The Collected Stories, The Legend of Drizzt
Page 10
The panther leaped again for the cage door, slamming hard and bouncing away. Anders shook his head, thoroughly confused, for he had never seen the panther like this before—not at all.
“To the Nine Hells with you, elf,” the wizard grumbled, wishing he had not revealed Whiskers to Josidiah until the transformation had been completed. He took a deep breath, yelled at the cat to calm down, and drew out a slender wand.
“It will not hurt,” Anders promised apologetically. He spoke a word of command, and a greenish ray shot forth from the wand, striking the panther squarely. The cat stopped her pacing, stopped everything, just stood perfectly still, immobilized by the magic of the wand.
Anders took up the figurine and the specially prepared knife, and opened the cage door. He had known from the very start that this was not going to be easy.
He was at the cat’s side, the figurine in hand, the knife moving slowly for the creature’s throat.
Anders hesitated. “Am I presuming to play the role of a god?” he asked aloud. He looked into those marvelous, intelligent eyes; he thought of Josidiah, who was indeed much like a ranger, much like Anders had been before devoting his life to ways magical.
Then he looked to the knife, the knife that his hand, his ranger hand, was about to plunge into the neck of this most magnificent creature.
“Oh, damn you, elf!” the mage cried out, and threw the knife across the cage. He began a spell then, one that came to his lips without conscious thought. He hadn’t used this incantation in months, and how he recalled it then, Anders would never know. He cast it forth, powerfully, and all the cabinet doors in his shop, and the door to the hallway, and all the doors in the lower section of the tower, sprang open and wide.
The mage moved to the side of the cage and slumped to a sitting position. Already the great cat was stirring—even the powerful magic of his wand could not hold such a creature as this for long. Anders clutched that wand now, wondering if he might need it again, for his own defense.
The cat shook her head vigorously and took an ambling step, the sensation at last returning to her limbs. She gave Anders a sidelong glance.
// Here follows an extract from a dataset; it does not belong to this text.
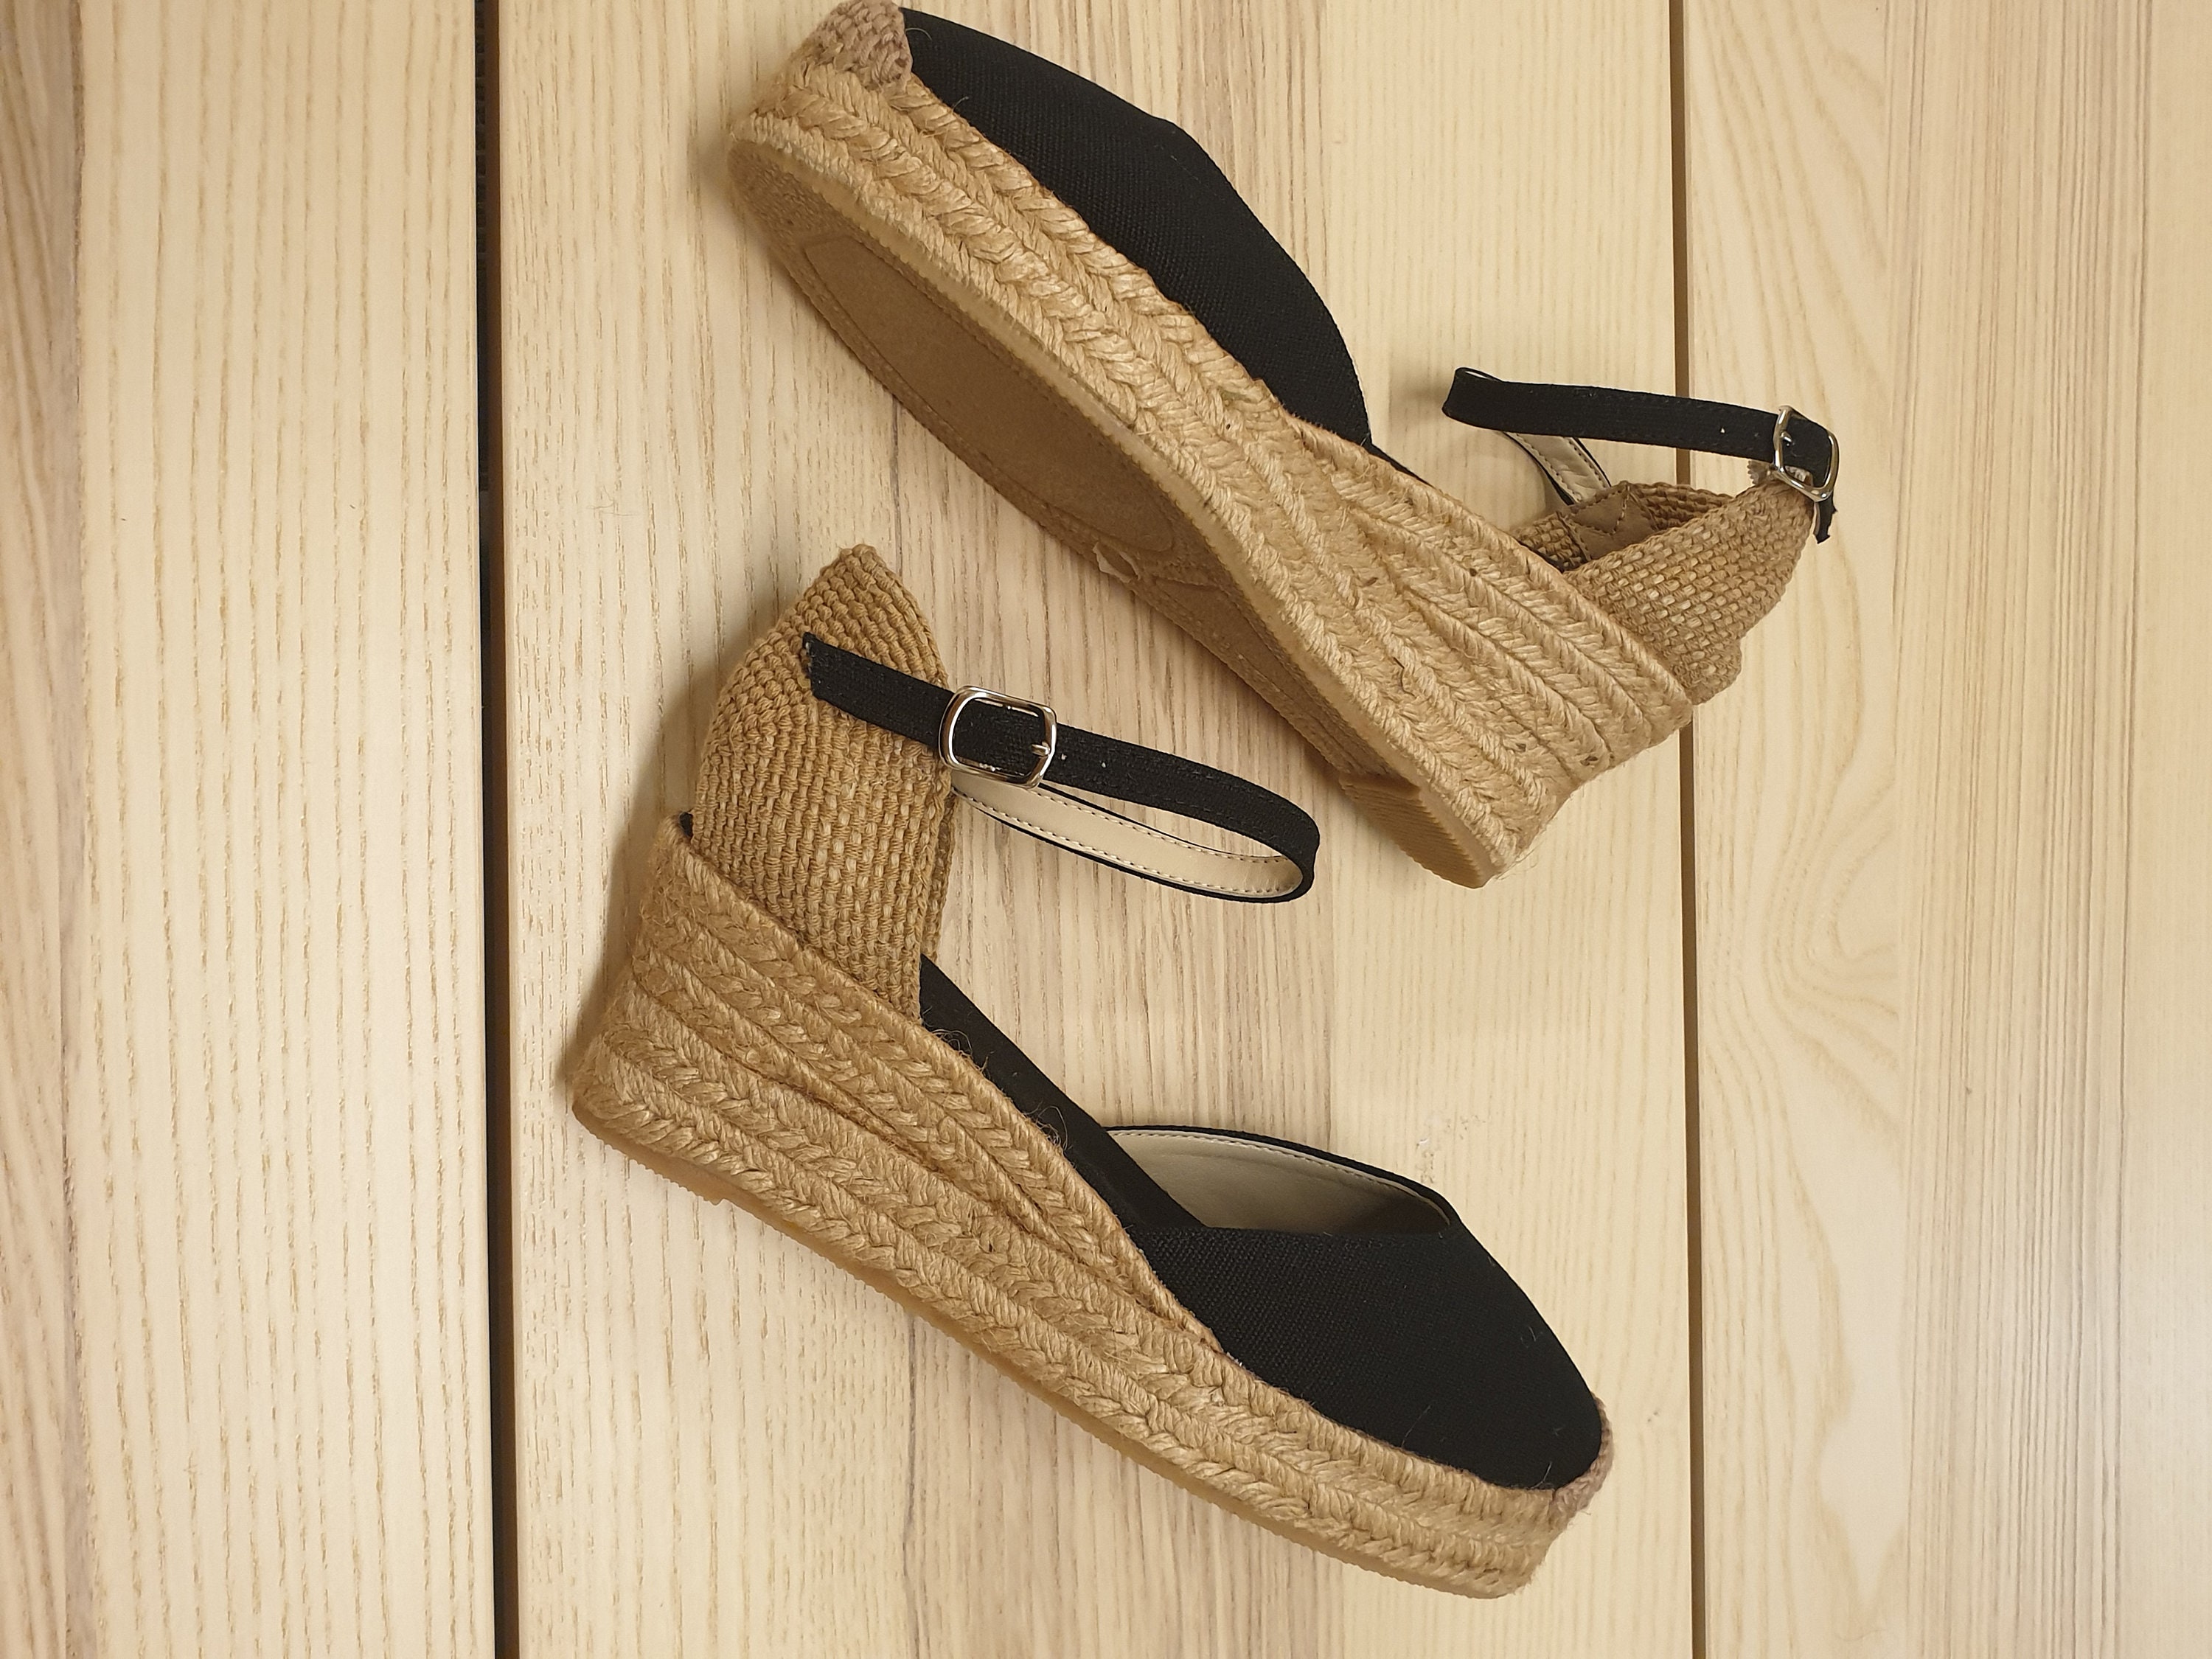 ESPADRILLES PLATFORMS WEDGES: Ankle strap espadrille low wedges with ...
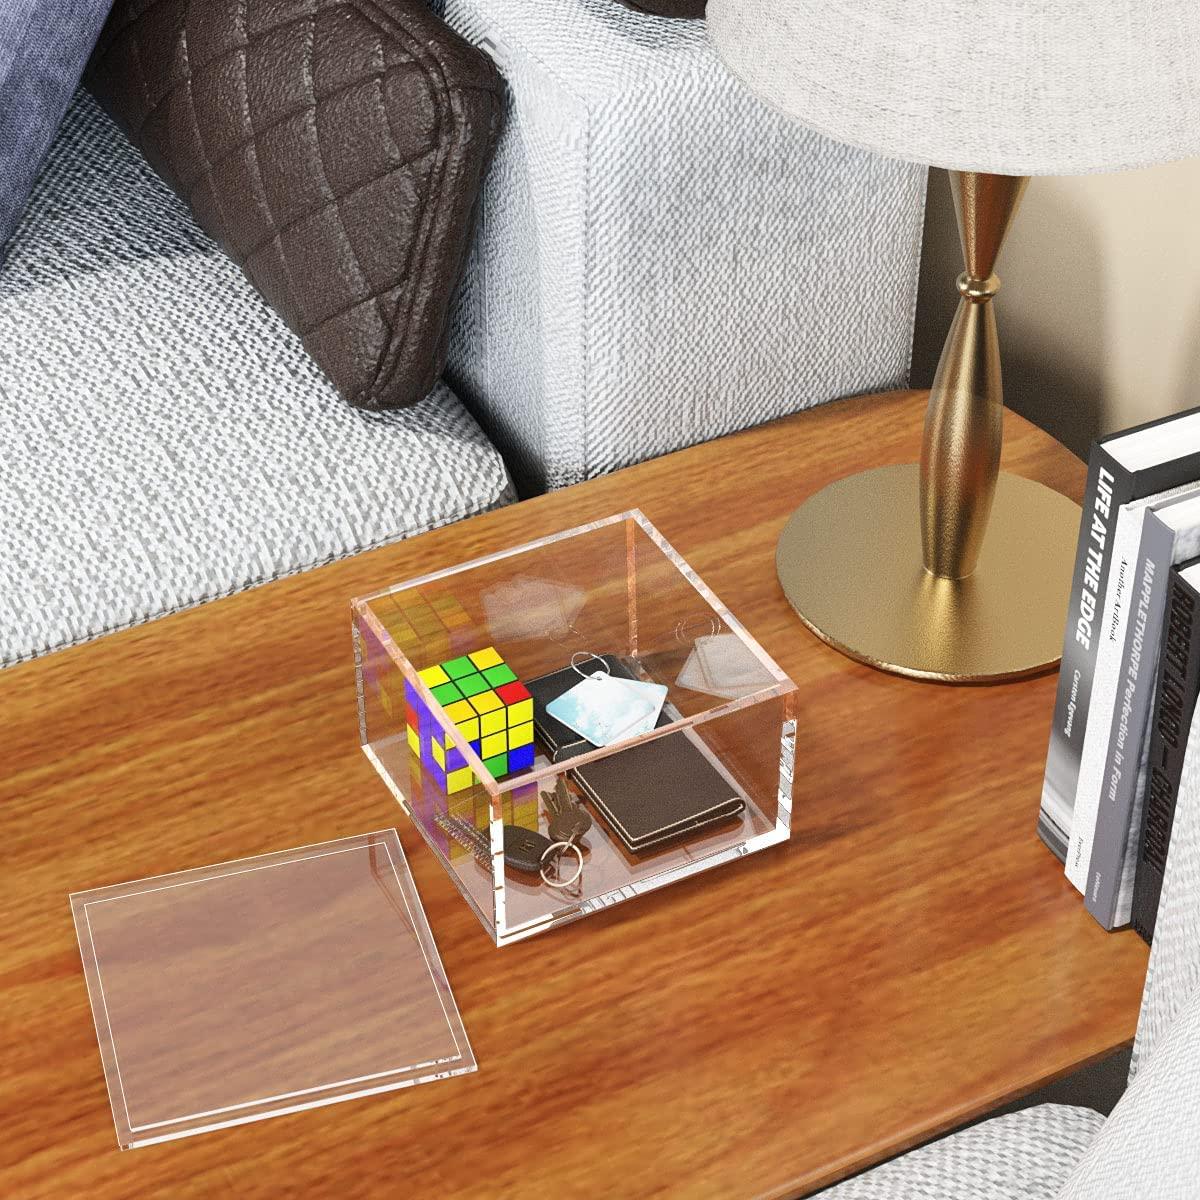 Buy Clear Square Acrylic Box with Lid to Hold Staples

The old mage put the wand away. “I played god with you, Whiskers,” he said softly. “Now it is your turn.”
But the panther was preoccupied and hardly gave the wizard a thought as she launched herself from the cage, darting across the room and out into the hallway. She was long gone before Anders ever got to his tower door, and he stood there in the night, lamenting not at all his wasted weeks of effort, his wasted gold.
“Not wasted,” Anders said sincerely, considering the lesson he had just learned. He managed a smile and turned to go back into his tower, then saw the burst of flame, a fireball, mushrooming into the air from the top of a hillock to the north, a place that Anders knew well.
“Josidiah,” he gasped, a reasonable guess indeed. That hillock was Josidiah’s favorite place, a place Anders would expect the elf to go on a night such as this.
Cursing that he had few spells prepared for a confrontation, the old man hustled back into his tower and gathered together a few items.
His only chance lay in speed, in darting about, never letting his enemies close on him. Even that tactic would only delay the inevitable.
He rushed to the left but had to stop and spin, sensing the pursuit coming from close behind. Backing them off with a sweeping cross of his blades, Josidiah turned and darted left again and, predictably, had to pull up short. This time, though, the elf not only stopped but backtracked, flipping one sword in his hand and stabbing it out behind him, deep into the belly of the closest pursuing orc.
His grim satisfaction at the deft maneuver couldn’t hold, however, for even as the dead creature slid from his blade, even as the other few orcs scrambled away down the side of the hill, Josidiah noted the approach of the three giants, fifteen-foot-tall behemoths calmly swinging spiked clubs the size of the elf’s entire body.
Josidiah considered the spells remaining to him, tried to find some way to turn them to his advantage.
Nothing; he would have to fight this battle with swords only. And with three giants moving toward him in coordinated fashion, he did not like the odds.
He skittered right, out of the range of a club swipe, then went straight back, away from a second giant, trying to get at the first attacker before it could bring its heavy weapon to bear once more. He would indeed have had the strike, but the third giant cut him off and forced him into a diving roll to avoid a heavy smash.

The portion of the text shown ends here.